Think back to the last bad head or chest cold you had. You probably felt like you couldn’t take a deep breath. You might have experienced short bursts of a dry, hacking cough, especially in drier places. No amount of sleep made you feel truly rested and any amount of activity made you feel weak.

senior woman examination

For people diagnosed with pulmonary fibrosis, this is what daily life can feel like 24/7/365. Patients with this lung disease tend to report chronic discomfort—think: difficulty breathing, muscle weakness and aching joints—rather than pain.

But these are only the physiological symptoms of the disease, the ones you can find listed on a generic disease fact sheet. The experience of living with it is entirely personal and deeply visceral. What is it really like to live with pulmonary fibrosis?
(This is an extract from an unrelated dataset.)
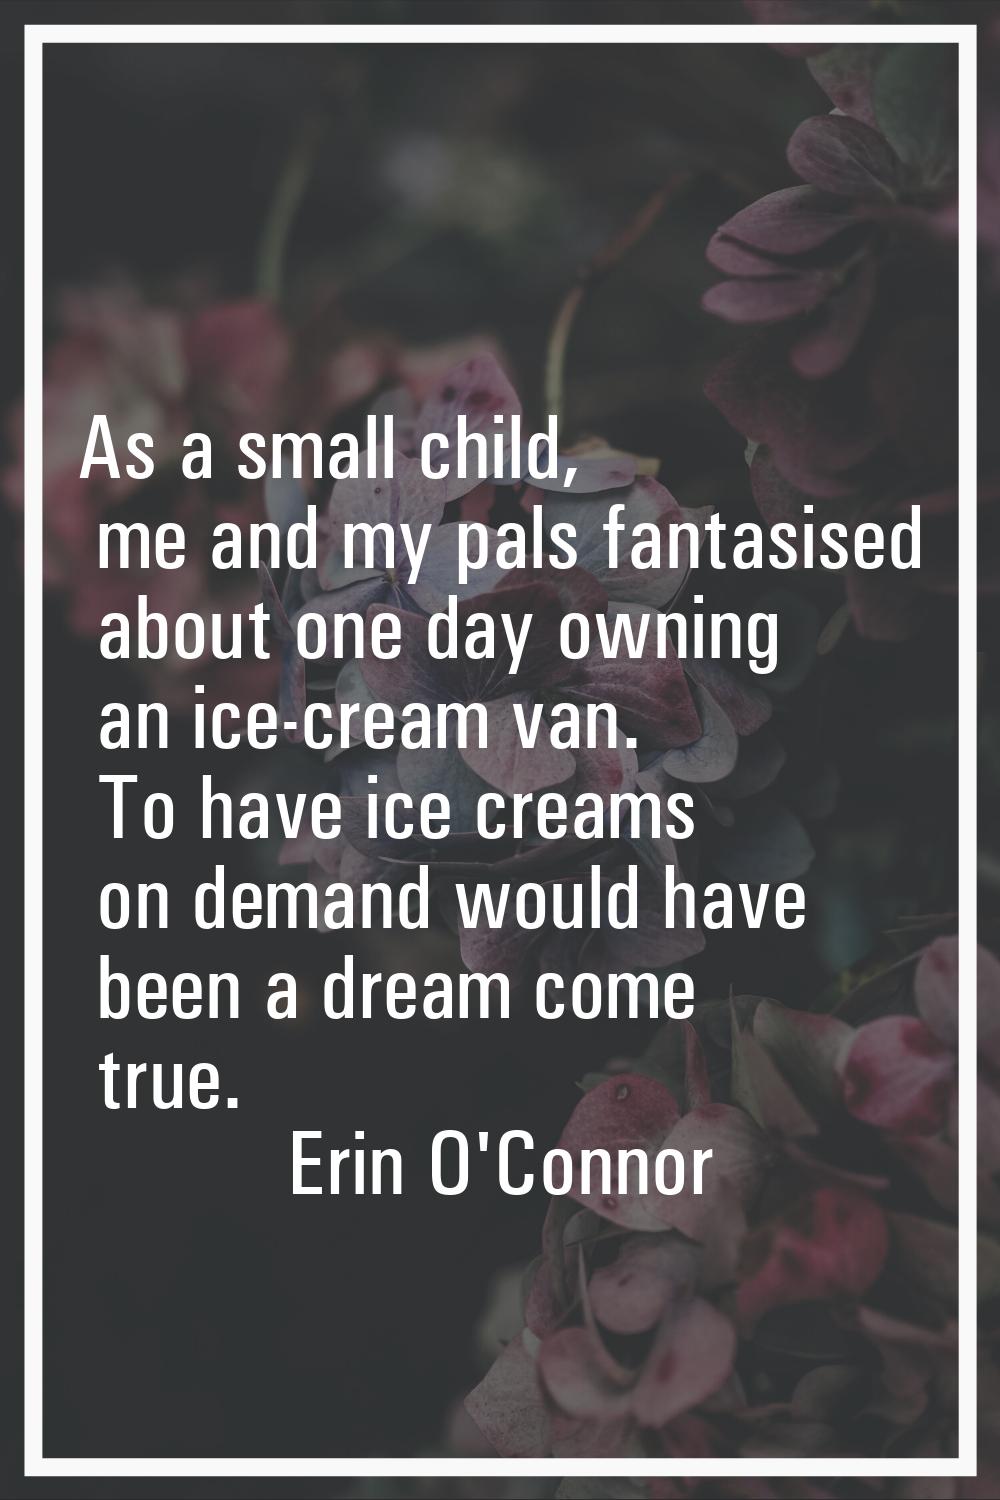 As a small child, me and my pals fantasised about one day owning an ice-cream van. To have ice crea

Here’s what real PF patients have to say.

“It felt like I broke my ribs.”

For pulmonary fibrosis patients, pain often comes as a side effect of a severe cough that won’t let up. One patient said, “My cough was really so deep that it felt like I broke my ribs, and my ribs became so cramped that I couldn’t even twist [my body].” Some report physical exhaustion after an attack, others being covered in sweat. Some coughs are violent and productive, bringing up a viscous, white phlegm.
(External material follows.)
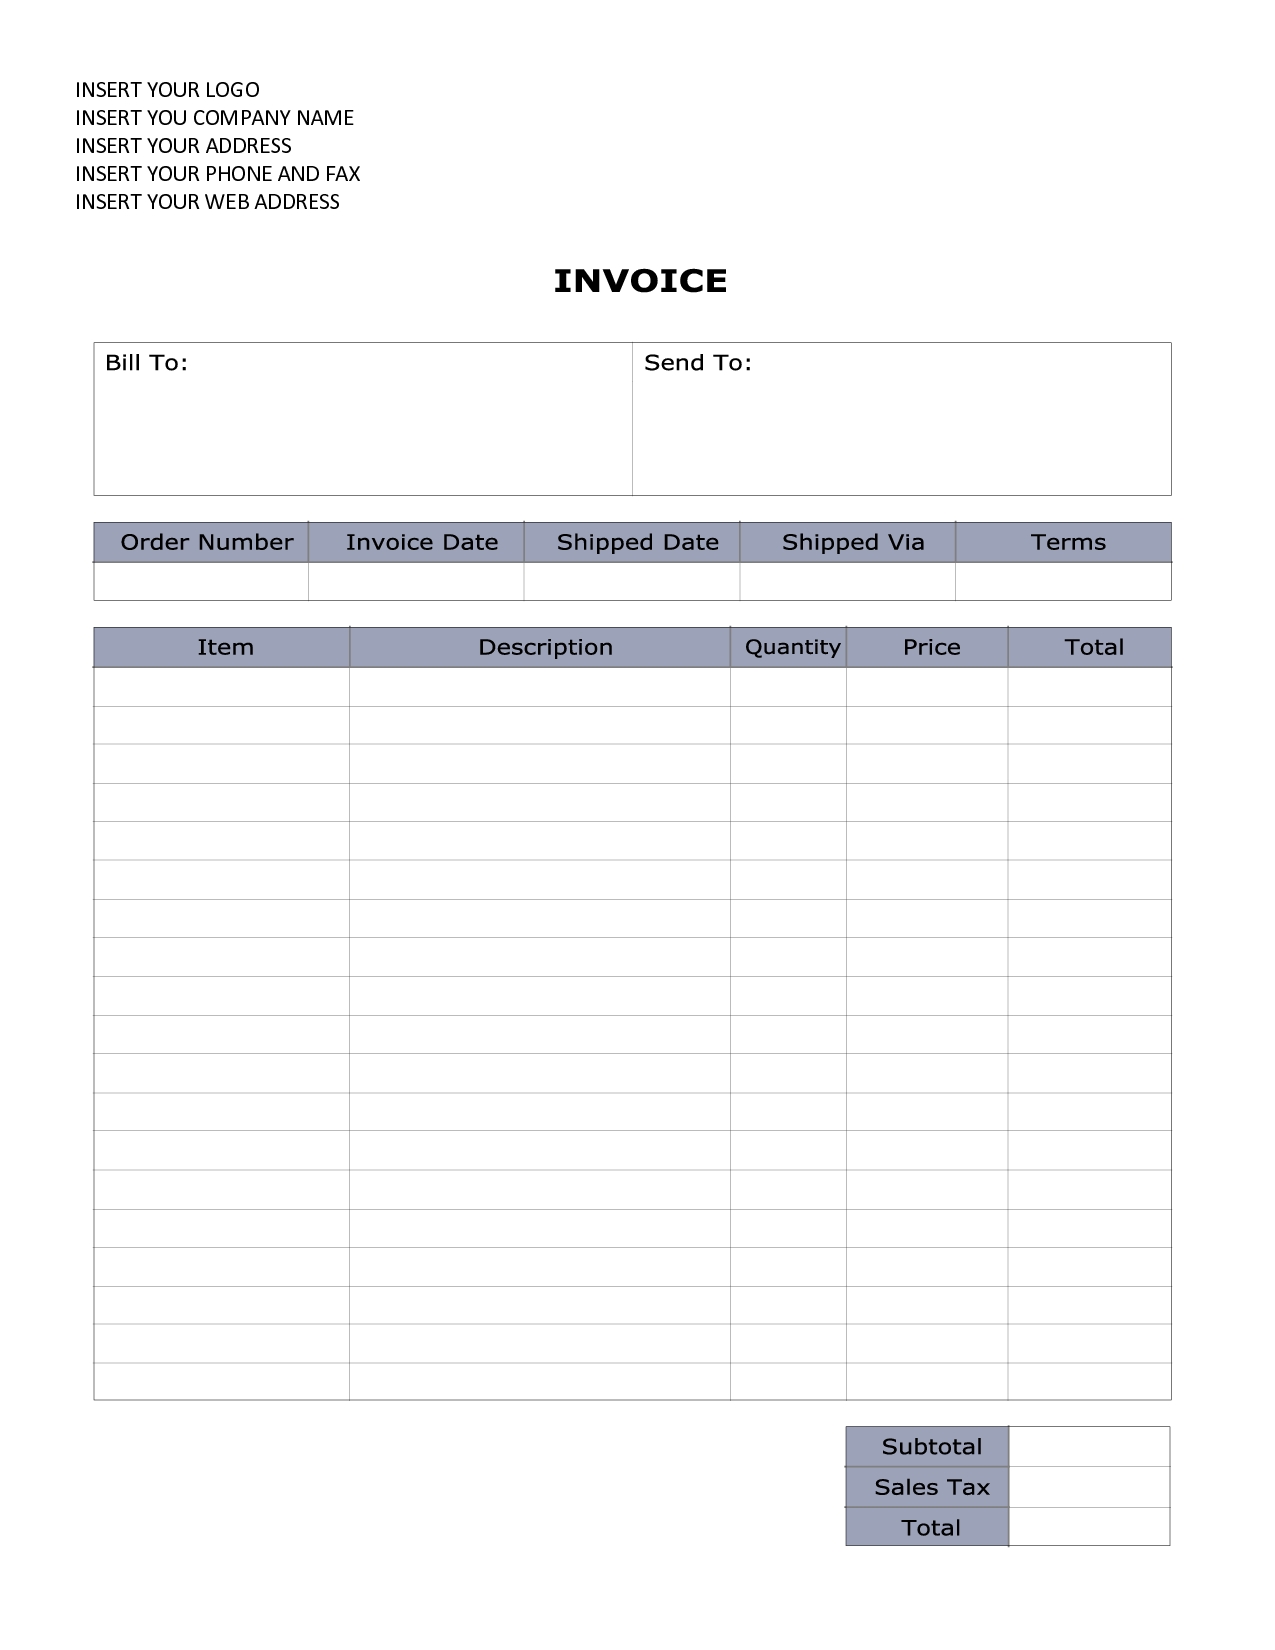 template for invoice word invoice template word invoice templates

“My reaction was, ‘Not something else!’”

Pulmonary fibrosis is often diagnosed in people with other chronic conditions. One patient sought the help of a mental health counselor to help them through the initial diagnosis, which came on top of diabetes, arthritis, tinnitus and polymyalgia.

Senior woman with Chronic obstructive pulmonary disease

“They don’t understand it.”

For PF patients who look mostly well, a lack of public knowledge about interstitial lung disease is frustrating. “When people see you coughing, they say, ‘Take cough medicine, take this, take that.’ They don’t understand it.” Why? “Because it’s invisible,” the patient explains. “I don’t think they believe there is anything wrong with you, in a way. Quite often, then they would say, ‘why are you panting when you are doing nothing?’”

“You’re not free.”

When you can’t take a full, deep breath anymore, you realize just how much that simple act impacts everything else you do, right down to expressing your emotions. ‘‘You’re not free, can’t laugh or cry fully because if you do, you won’t be able to breathe even with oxygen,” said a patient.

“I have to carry Valium all the time now.”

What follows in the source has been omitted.